WHAT IS REQUIRED.
Extract, exactly and without pictures, every line from the one that includes "In the old town" through the final line of the material below.

RAW DATA.
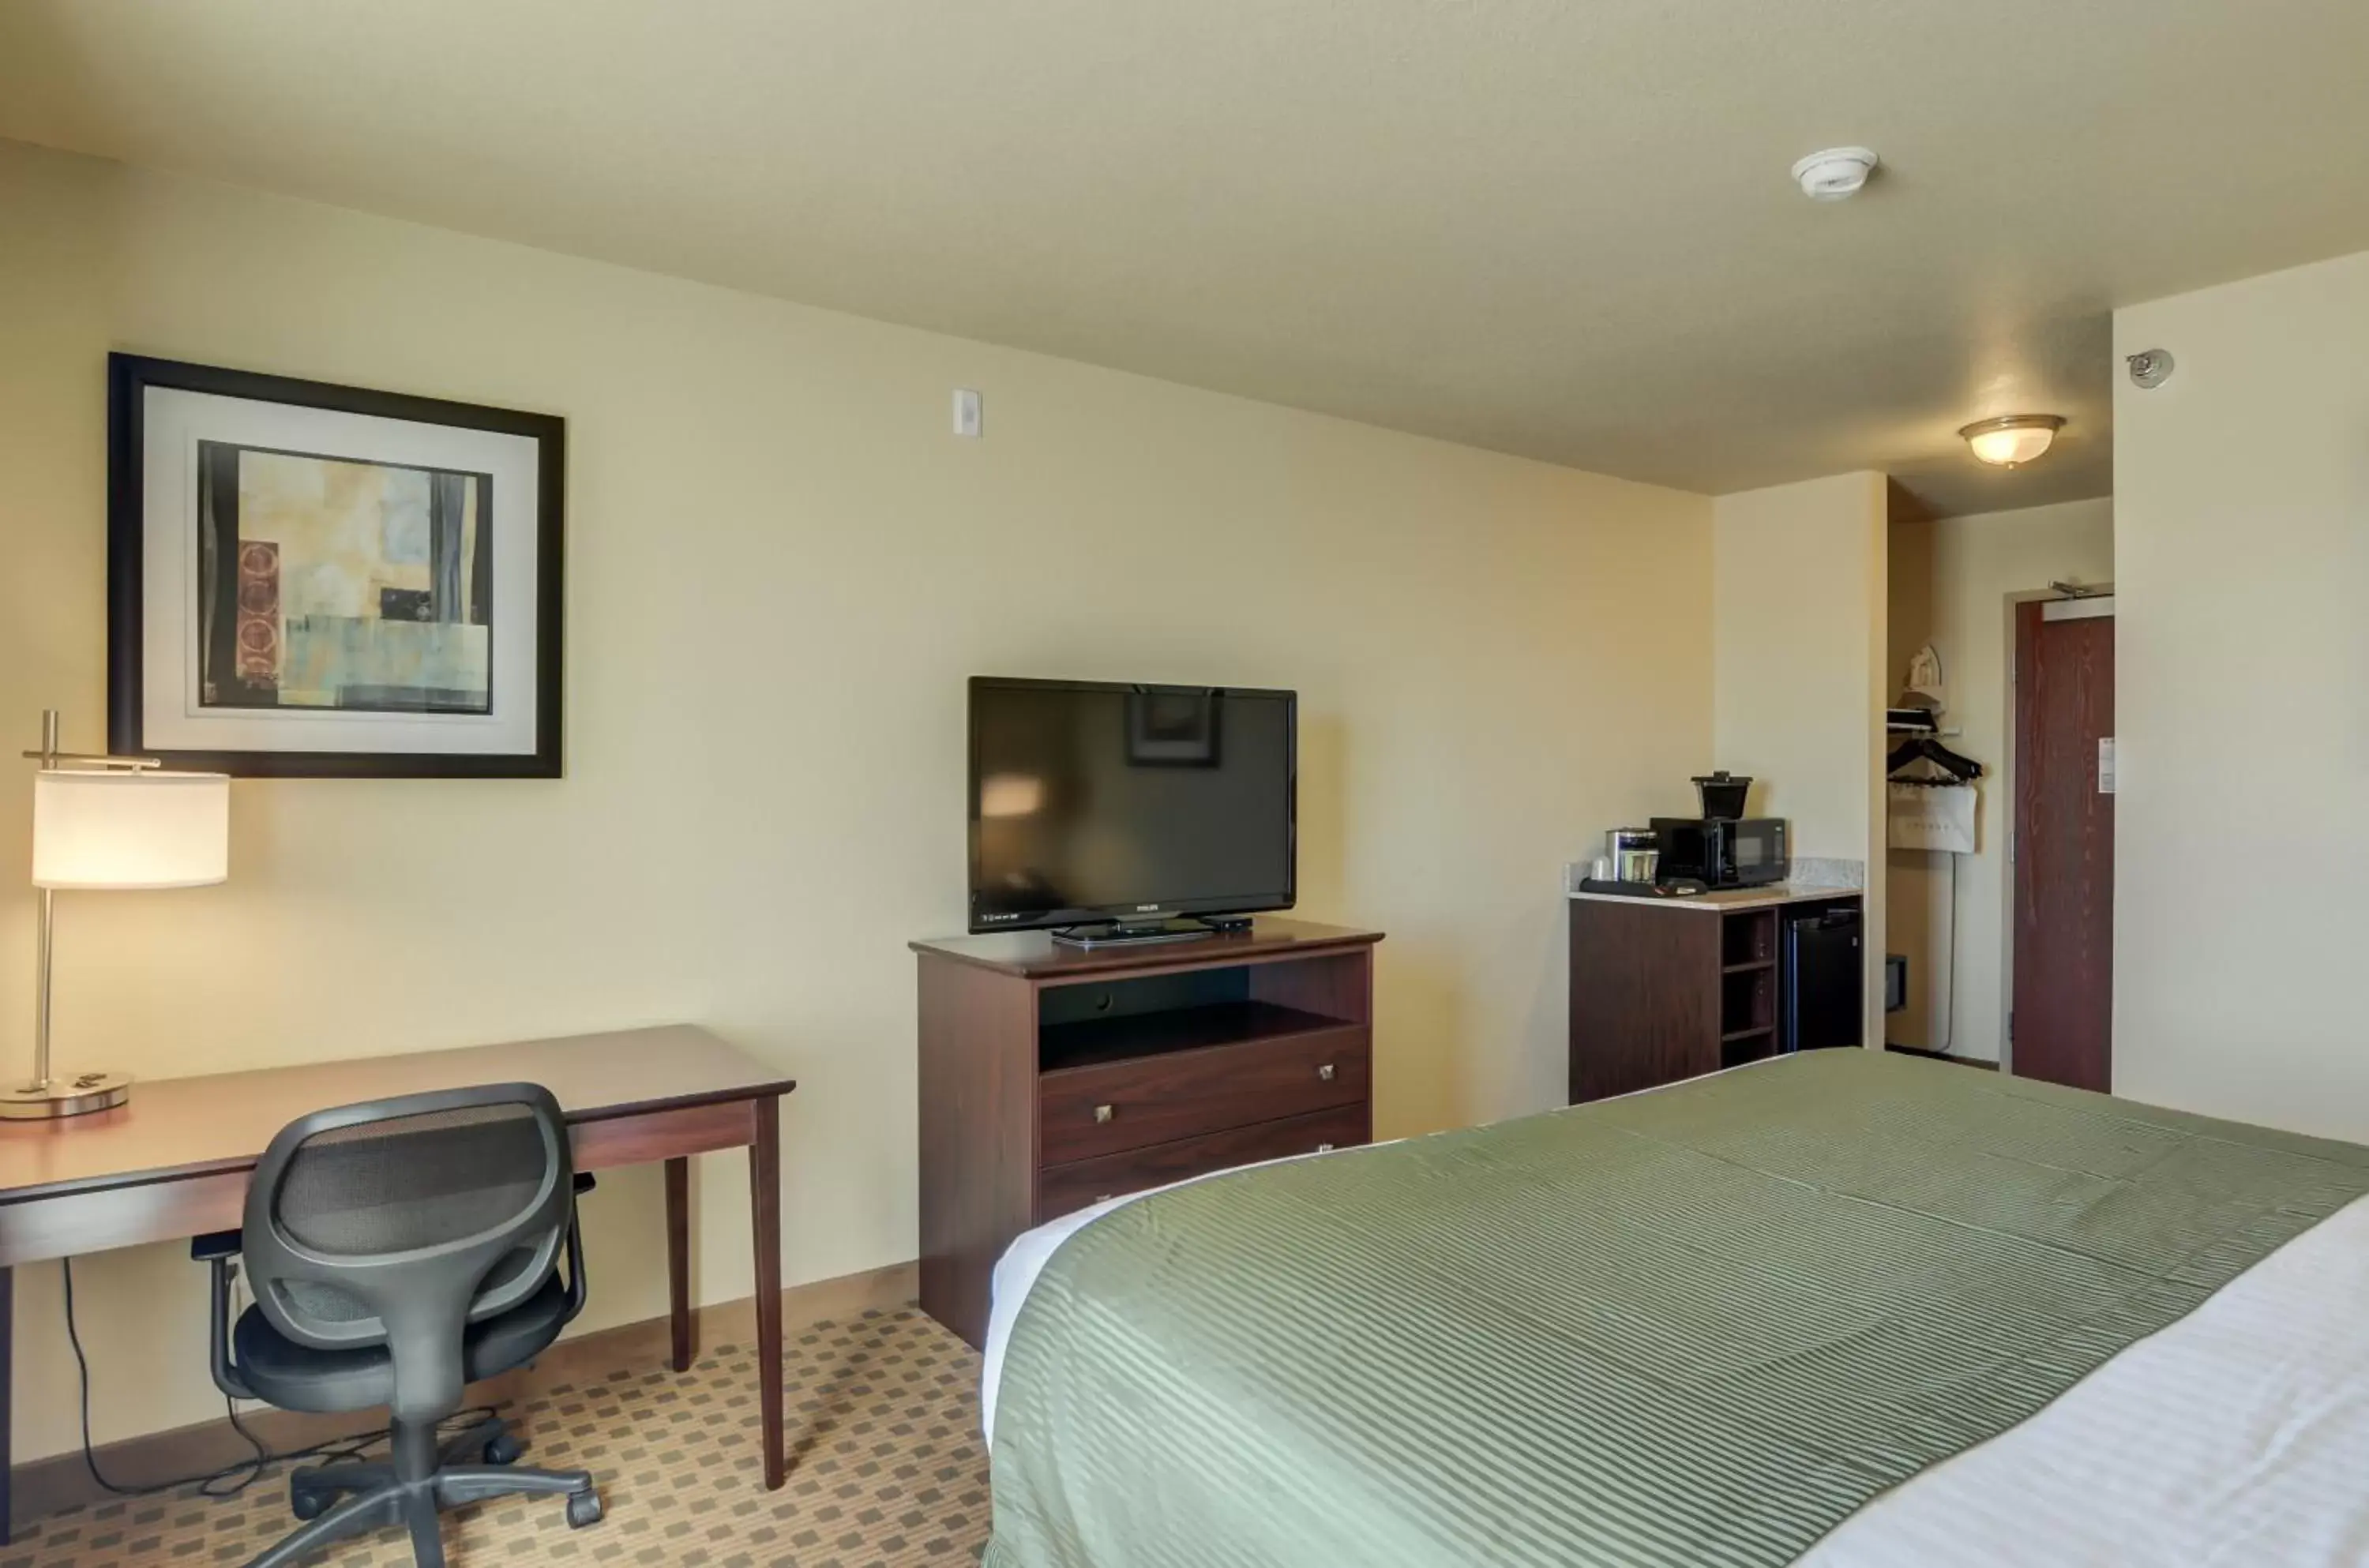 Bed, Room Photo in Cobblestone Inn & Suites - Ord
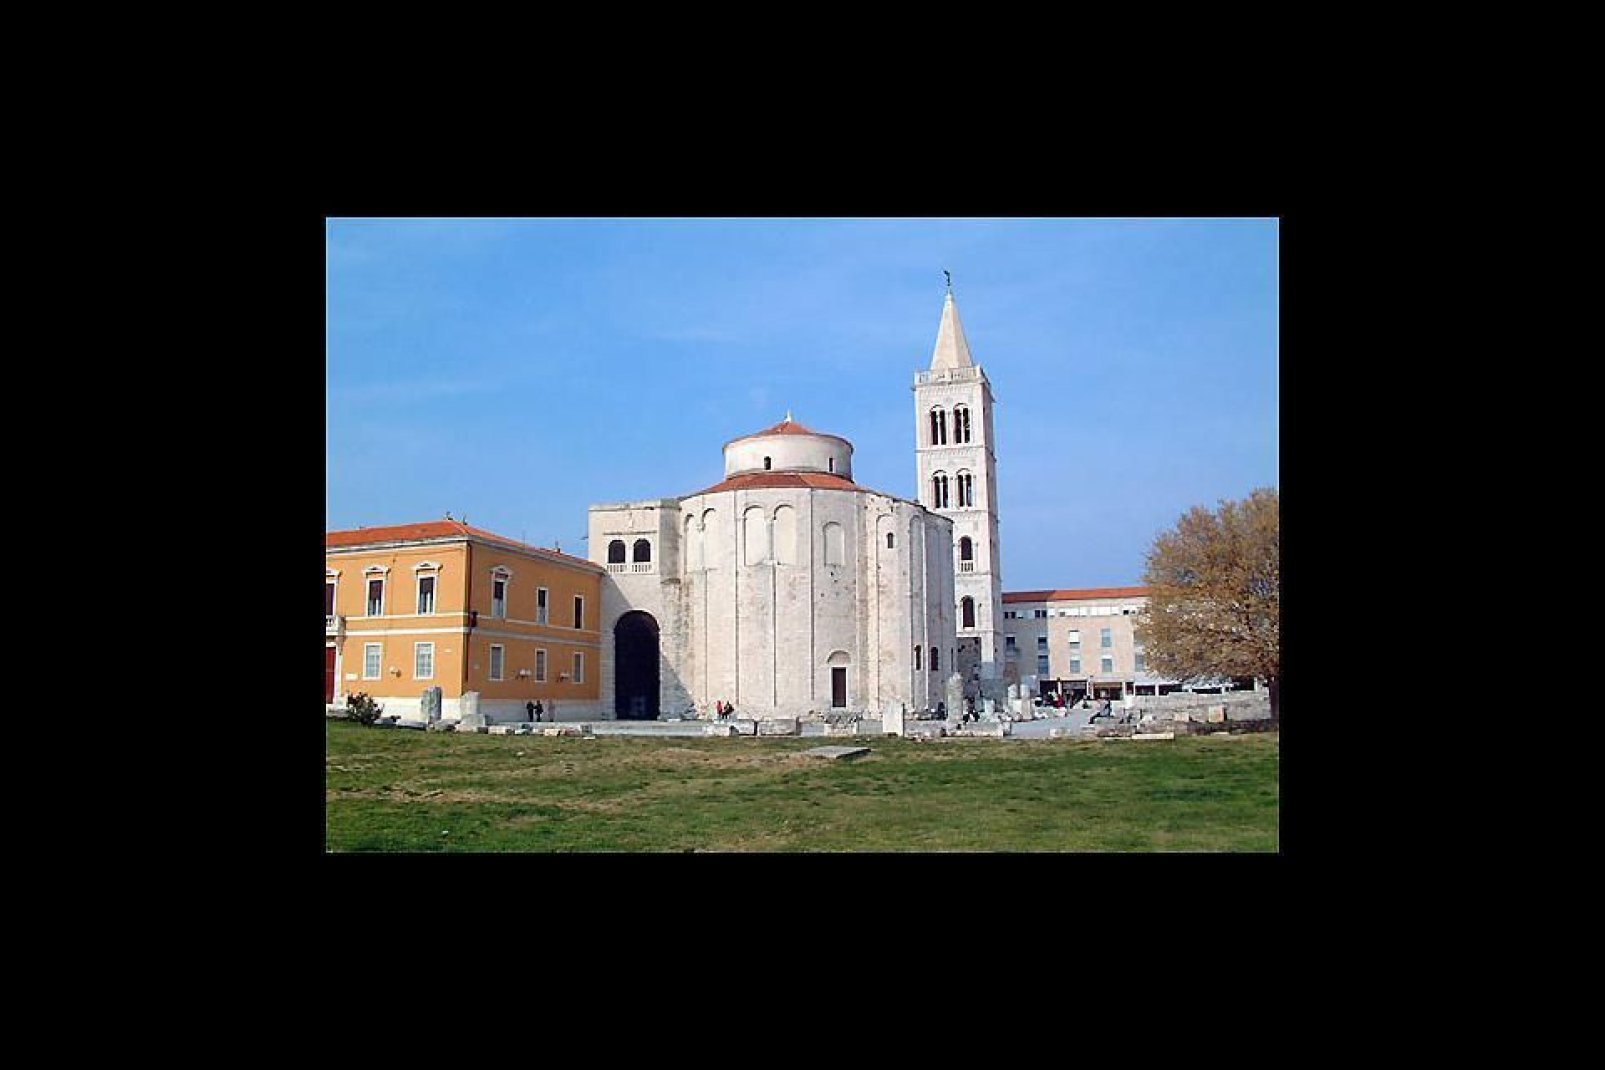 In the old town of Zadar, you'll find historic buildings with their beautiful architecture, such as the 9th century Church of St. Donatus
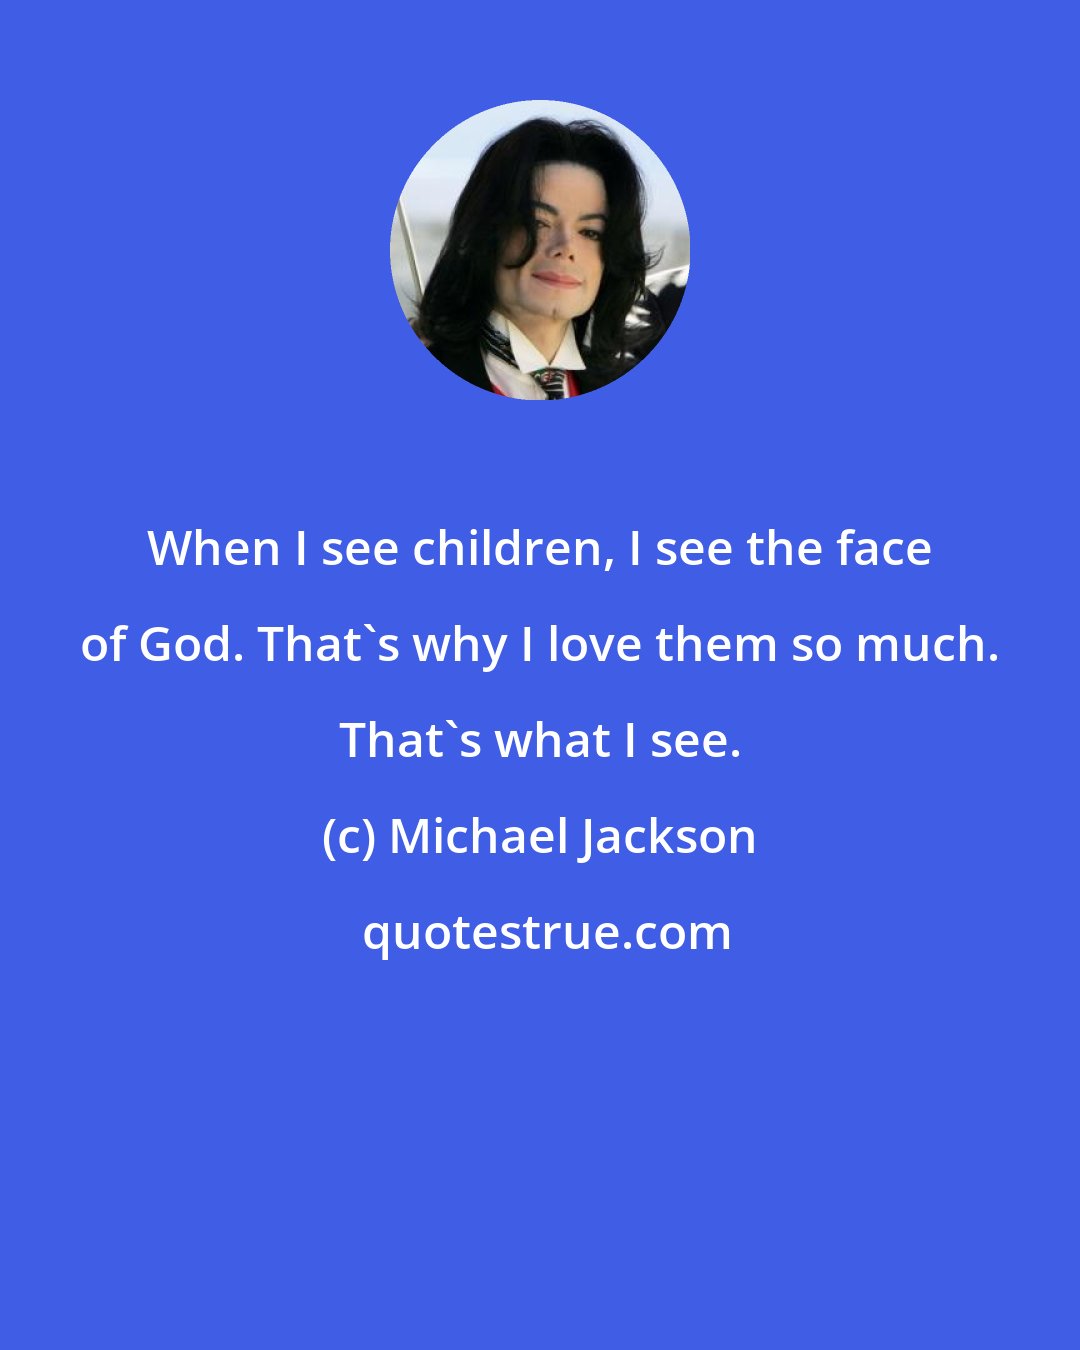 Michael Jackson: When I see children, I see the face of God. That's why I love them so much. That's what I see.

ANSWER.
 In the old town of Zadar, you'll find historic buildings with their beautiful architecture, such as the 9th century Church of St. Donatus
 Michael Jackson: When I see children, I see the face of God. That's why I love them so much. That's what I see.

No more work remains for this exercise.